• [Information supplied]
=== Begin Enclosure ===

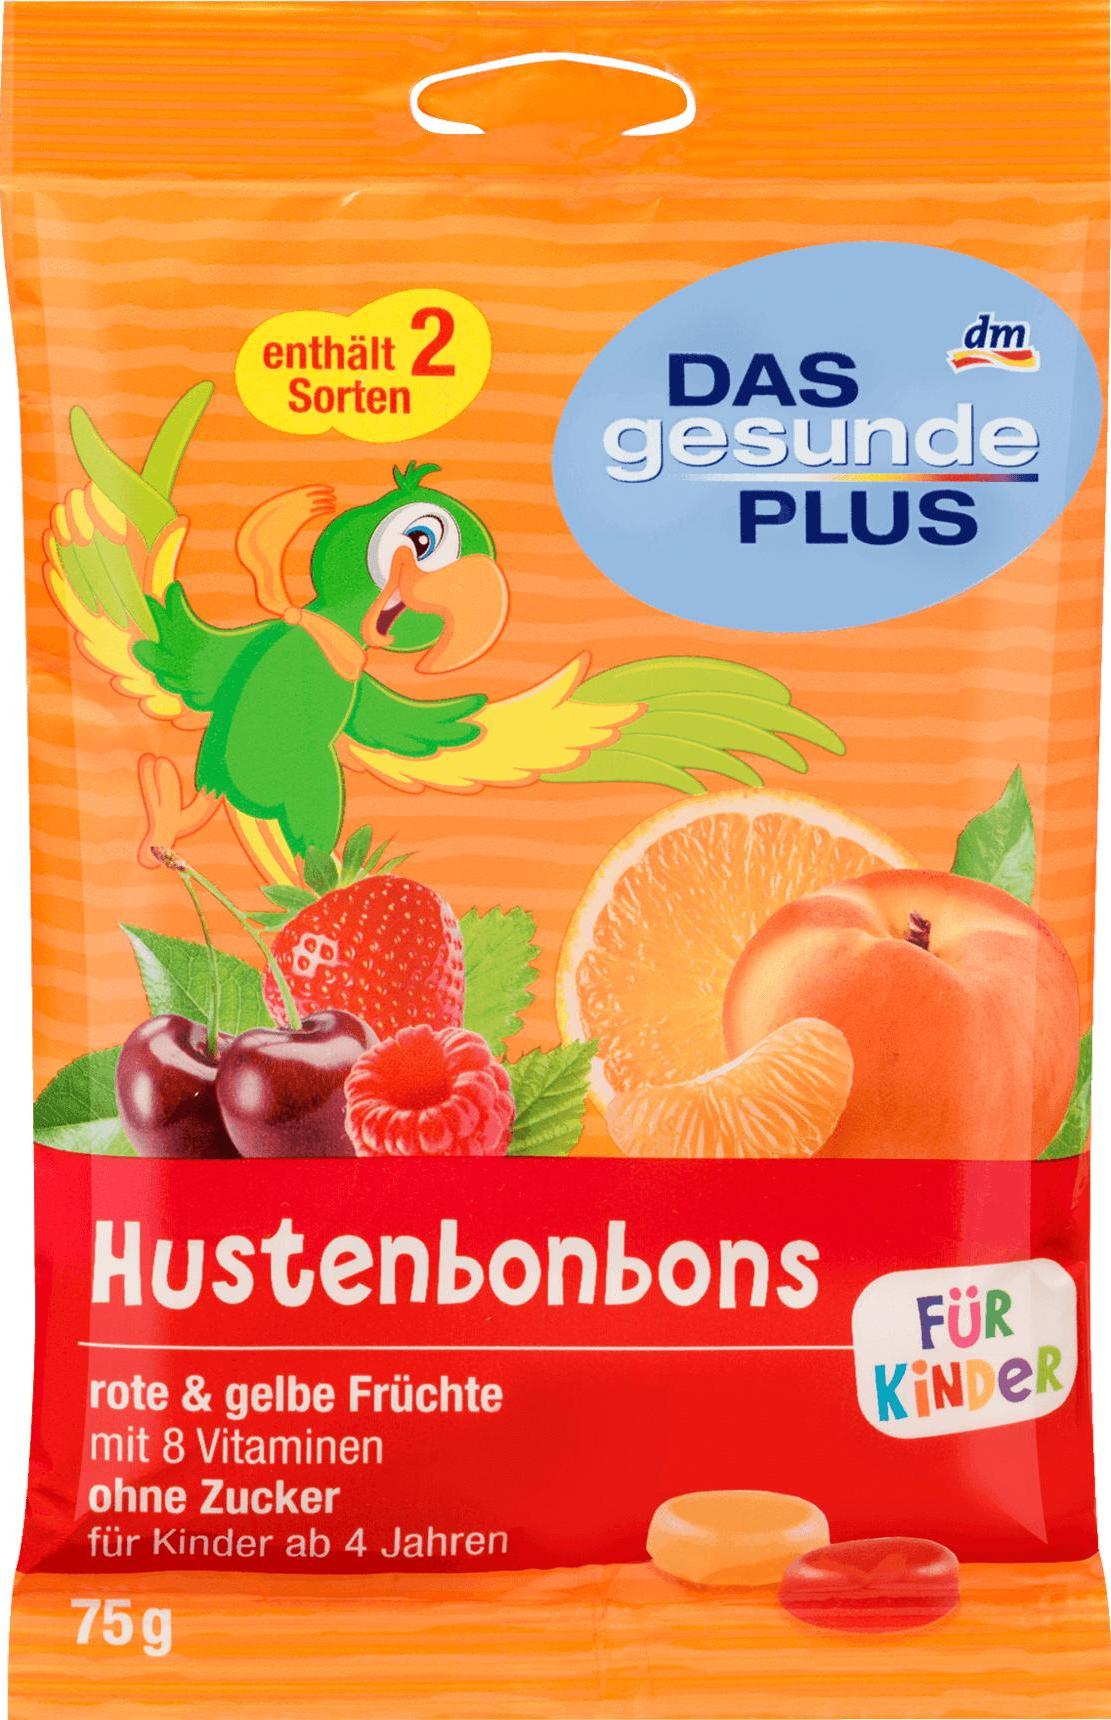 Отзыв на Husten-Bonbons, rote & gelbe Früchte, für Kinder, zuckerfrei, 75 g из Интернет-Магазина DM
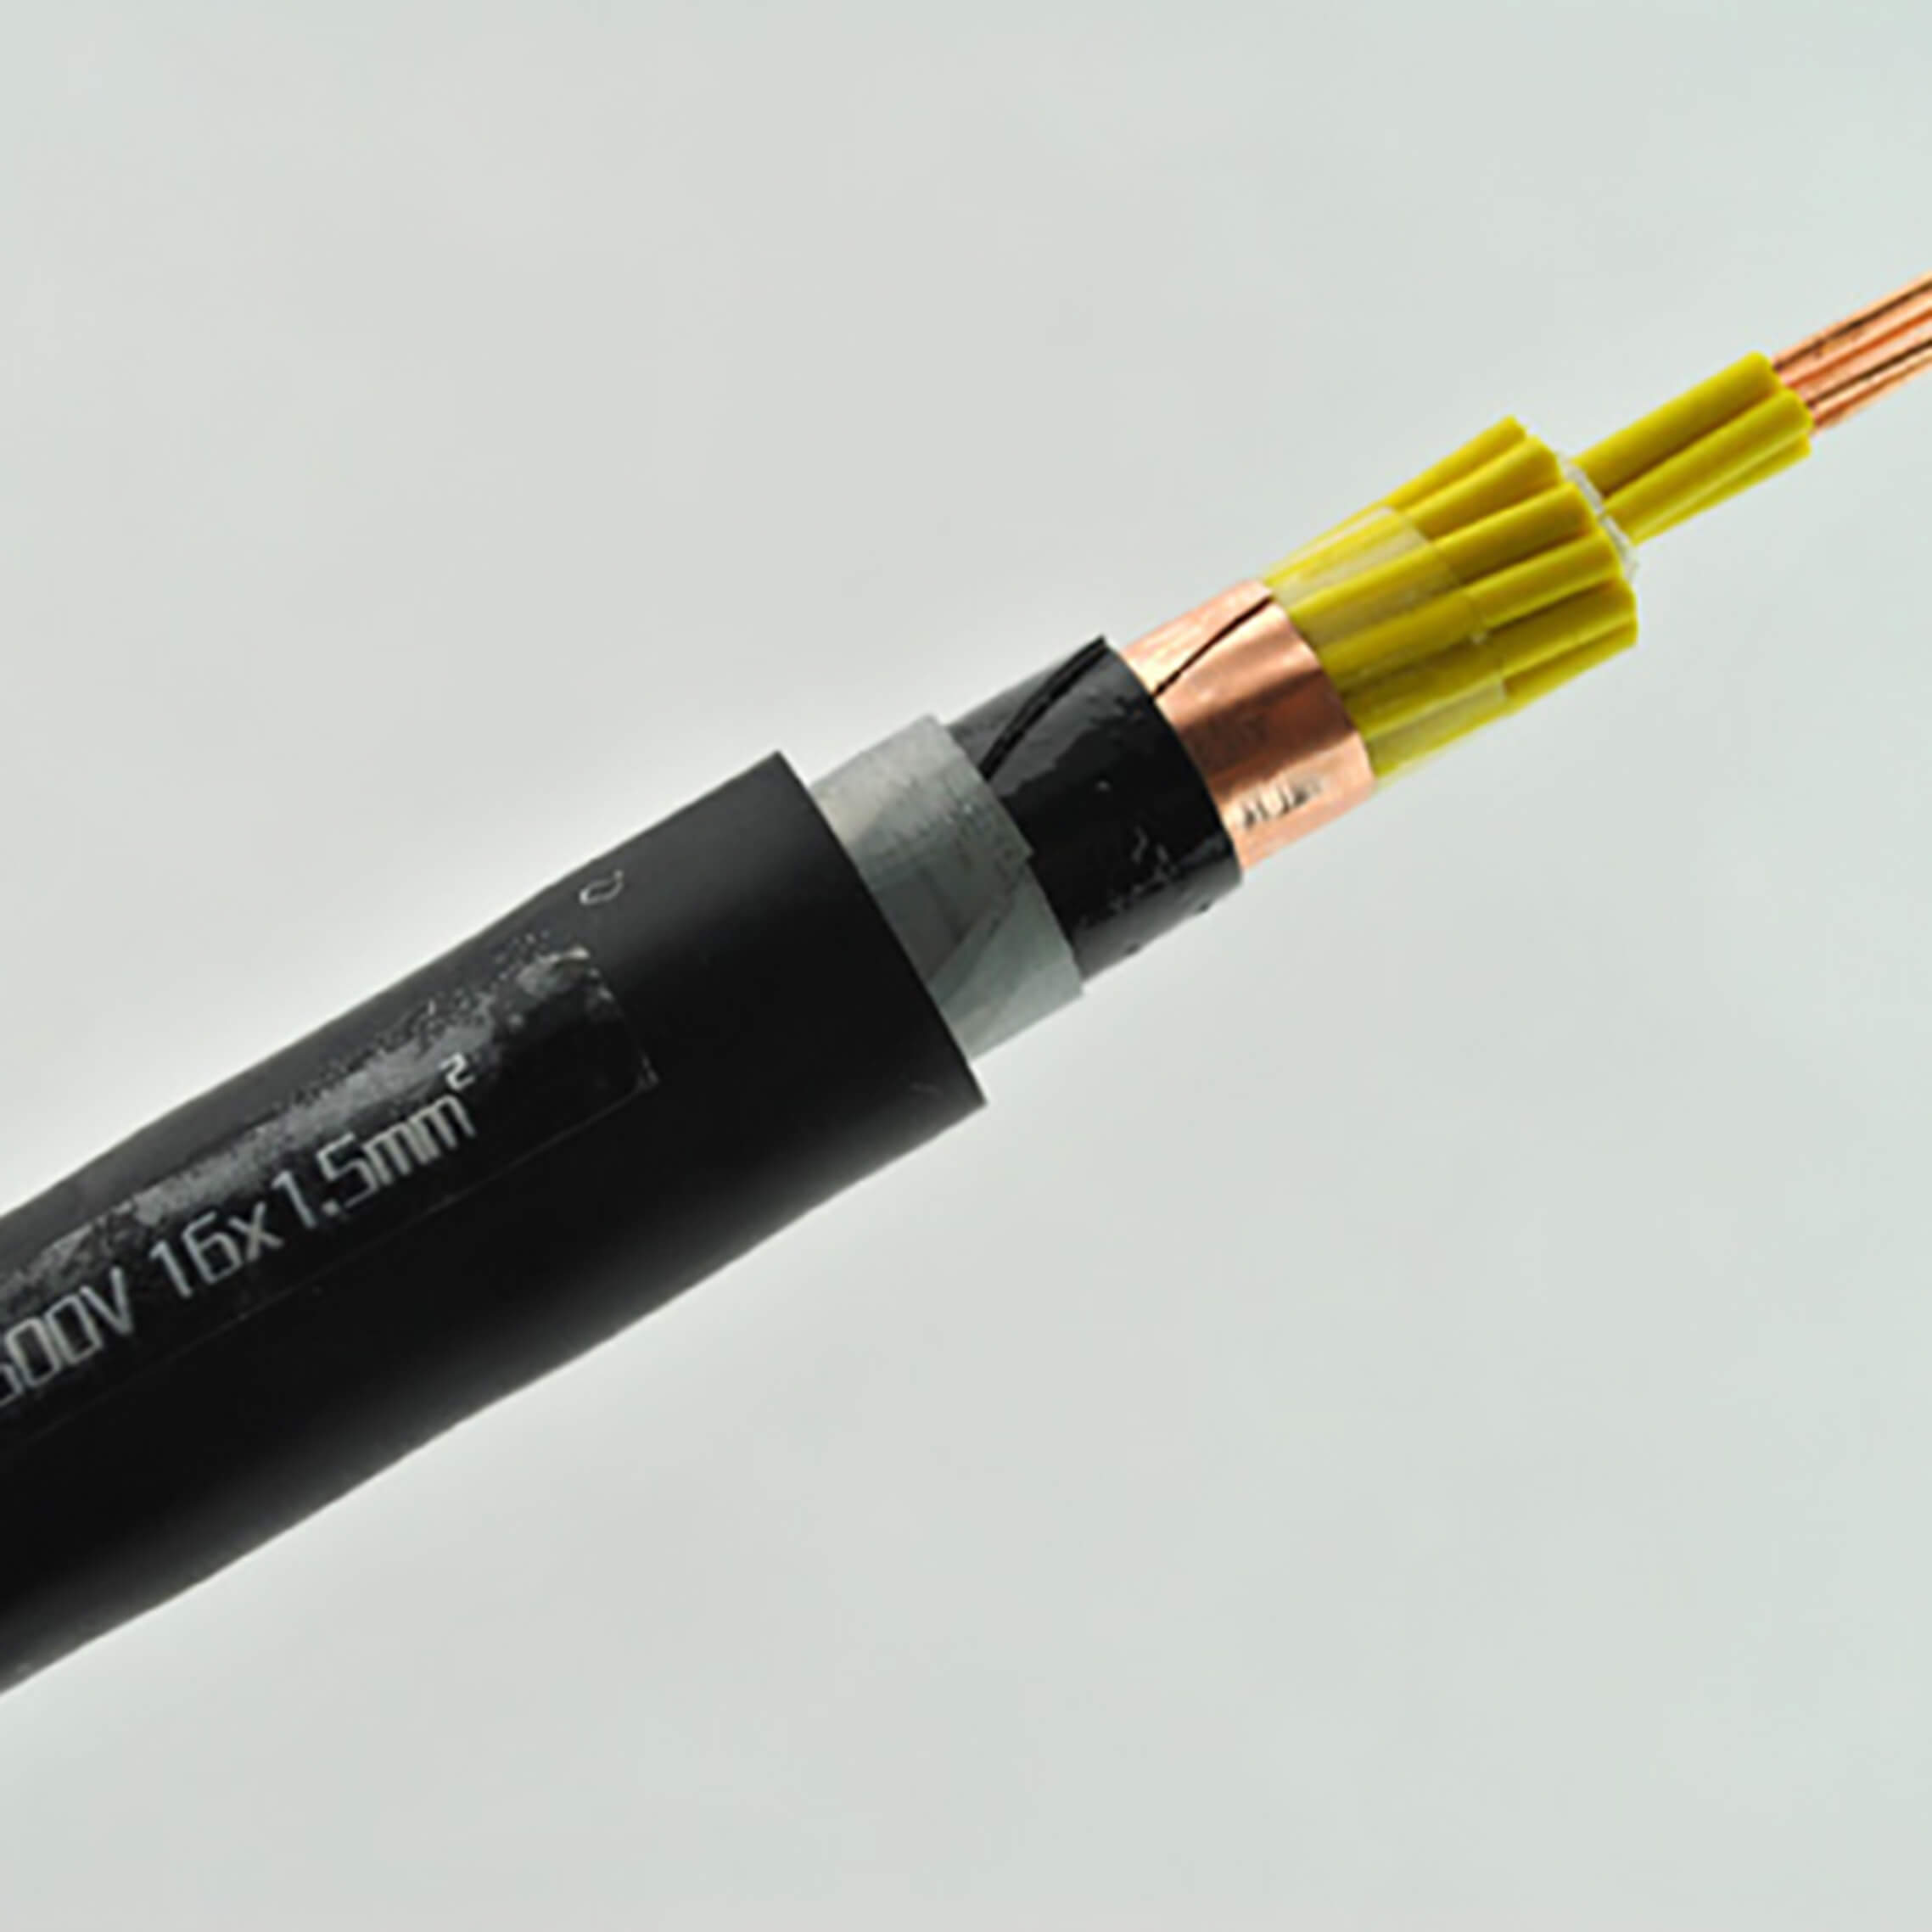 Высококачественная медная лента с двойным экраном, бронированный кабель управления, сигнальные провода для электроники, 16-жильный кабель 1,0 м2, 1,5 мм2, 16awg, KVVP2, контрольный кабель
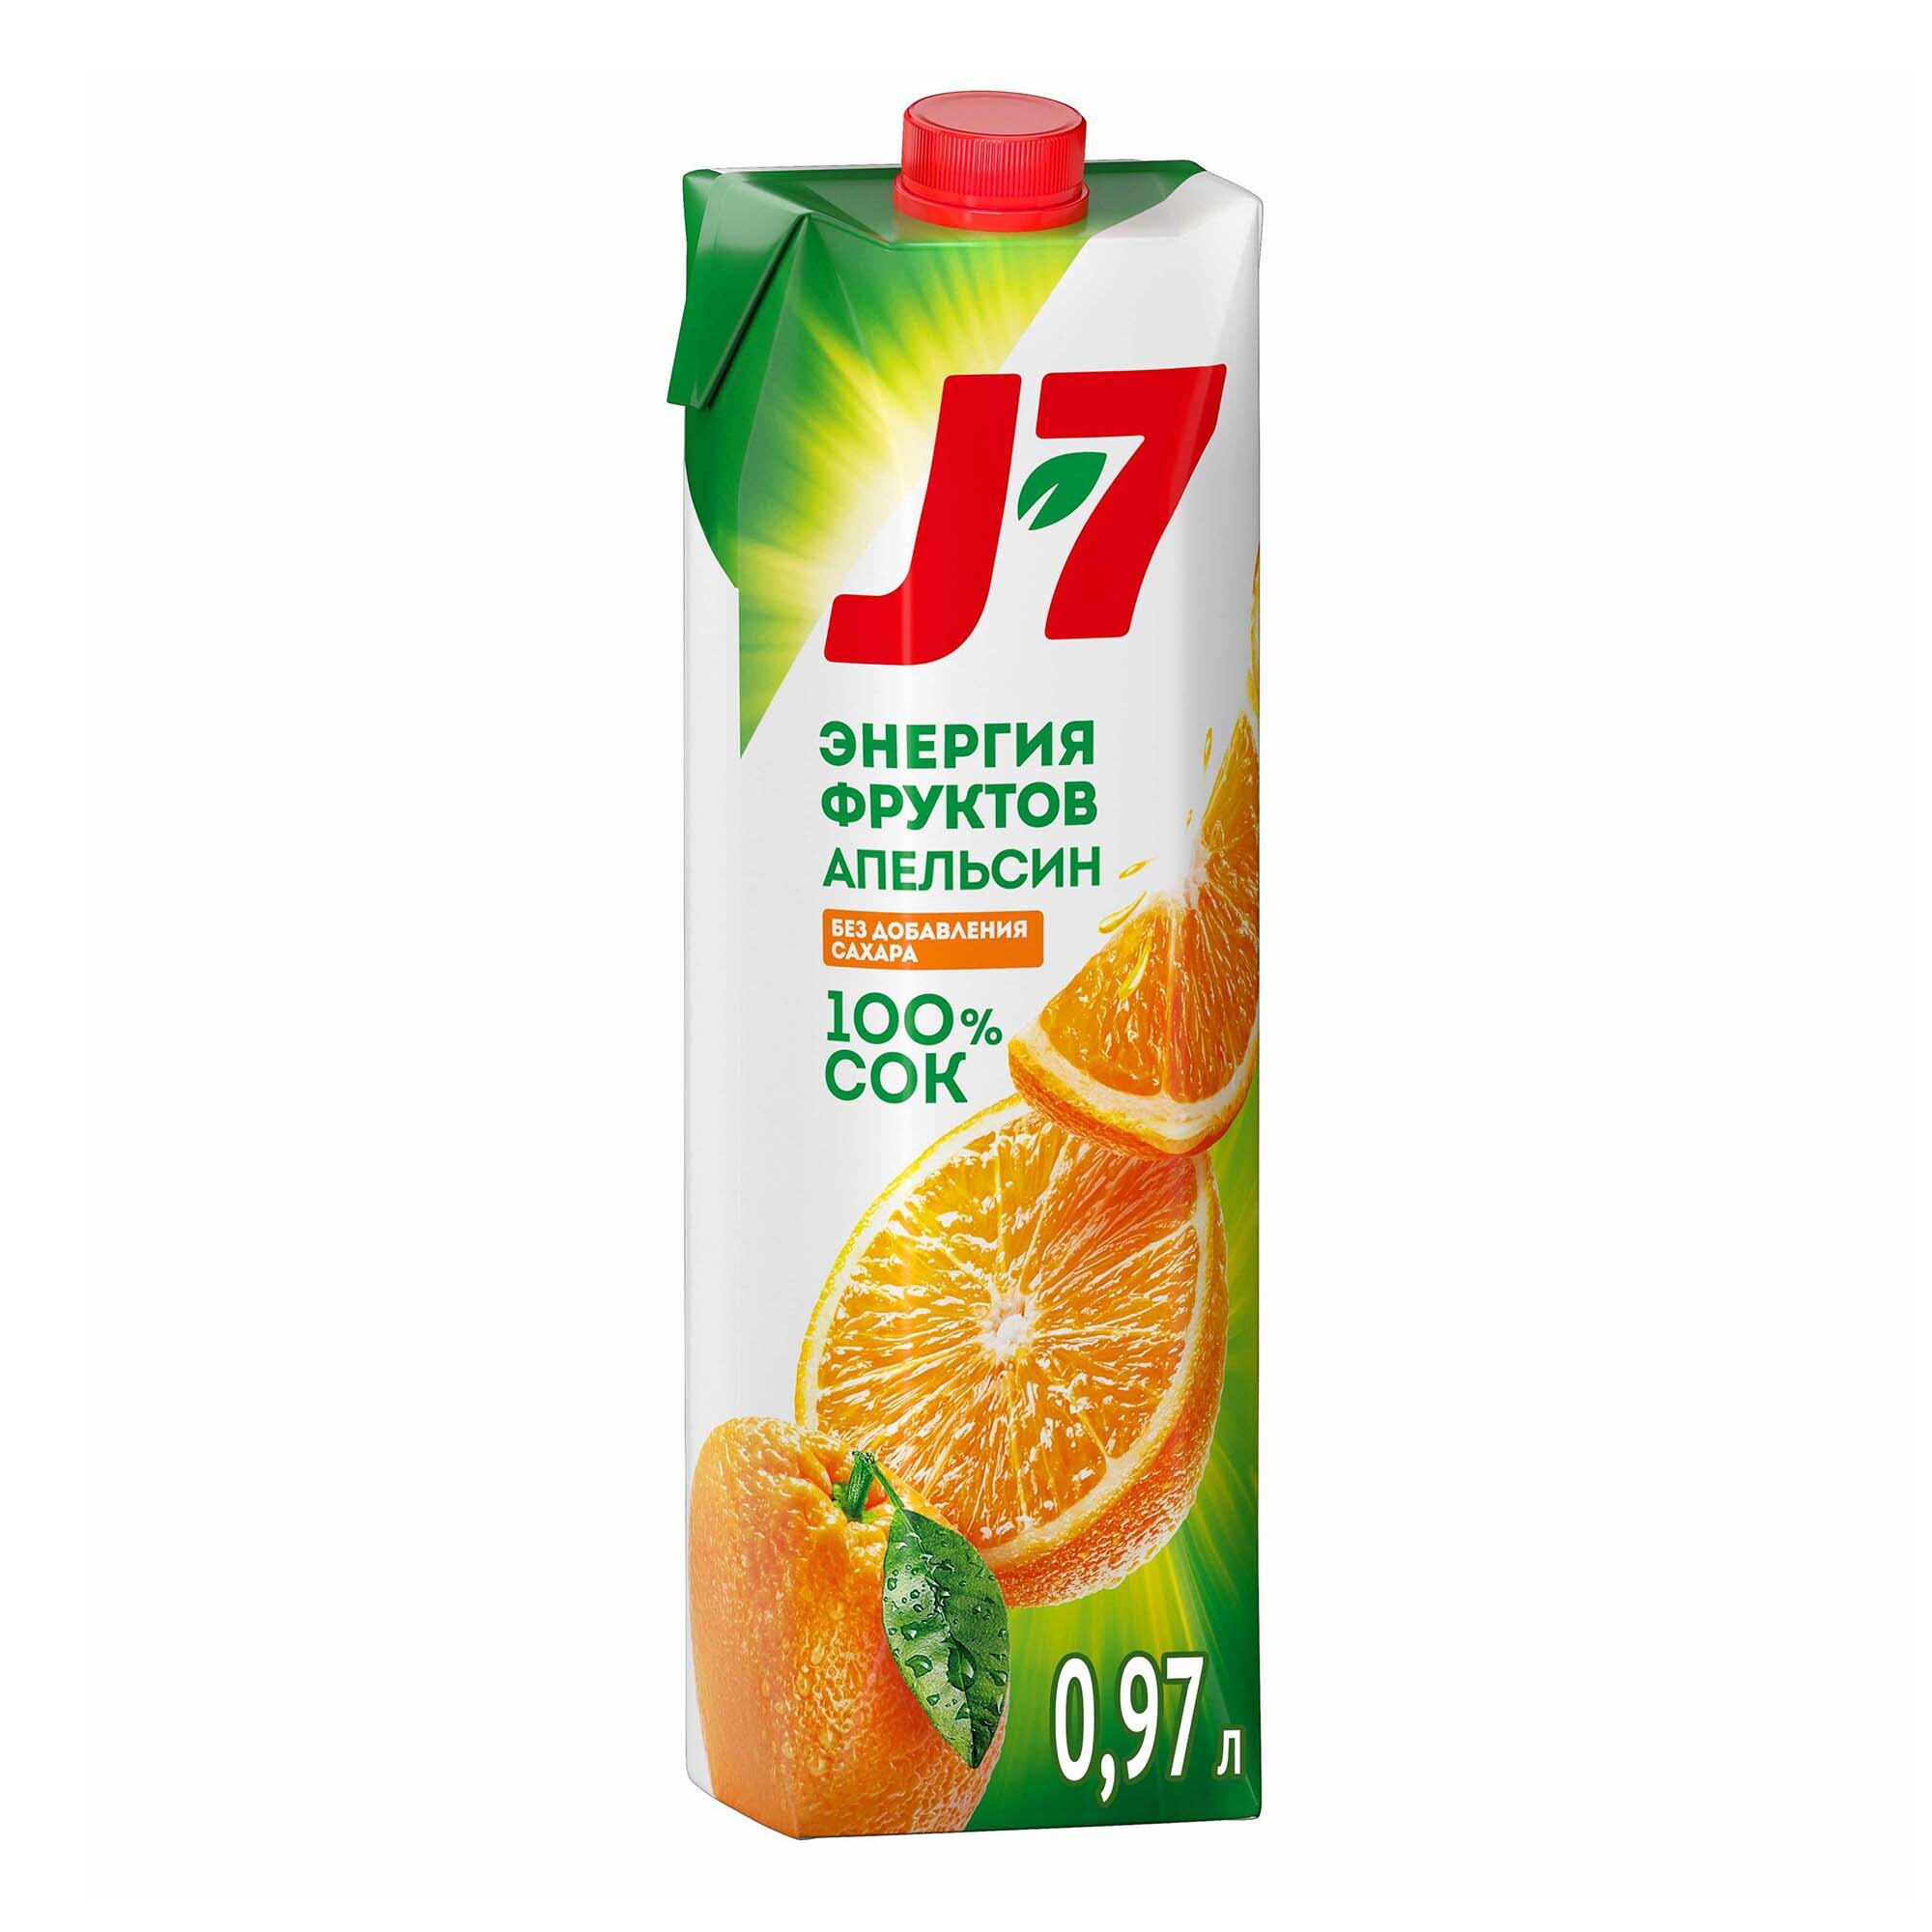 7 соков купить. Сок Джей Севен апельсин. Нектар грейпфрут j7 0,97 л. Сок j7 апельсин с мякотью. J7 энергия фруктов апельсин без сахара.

=== End Enclosure ===

Reproduce the data above word for word from its first line through the line that holds "Высококачественная медная лента", both ends included; skip pictures.

 Отзыв на Husten-Bonbons, rote & gelbe Früchte, für Kinder, zuckerfrei, 75 g из Интернет-Магазина DM
 Высококачественная медная лента с двойным экраном, бронированный кабель управления, сигнальные провода для электроники, 16-жильный кабель 1,0 м2, 1,5 мм2, 16awg, KVVP2, контрольный кабель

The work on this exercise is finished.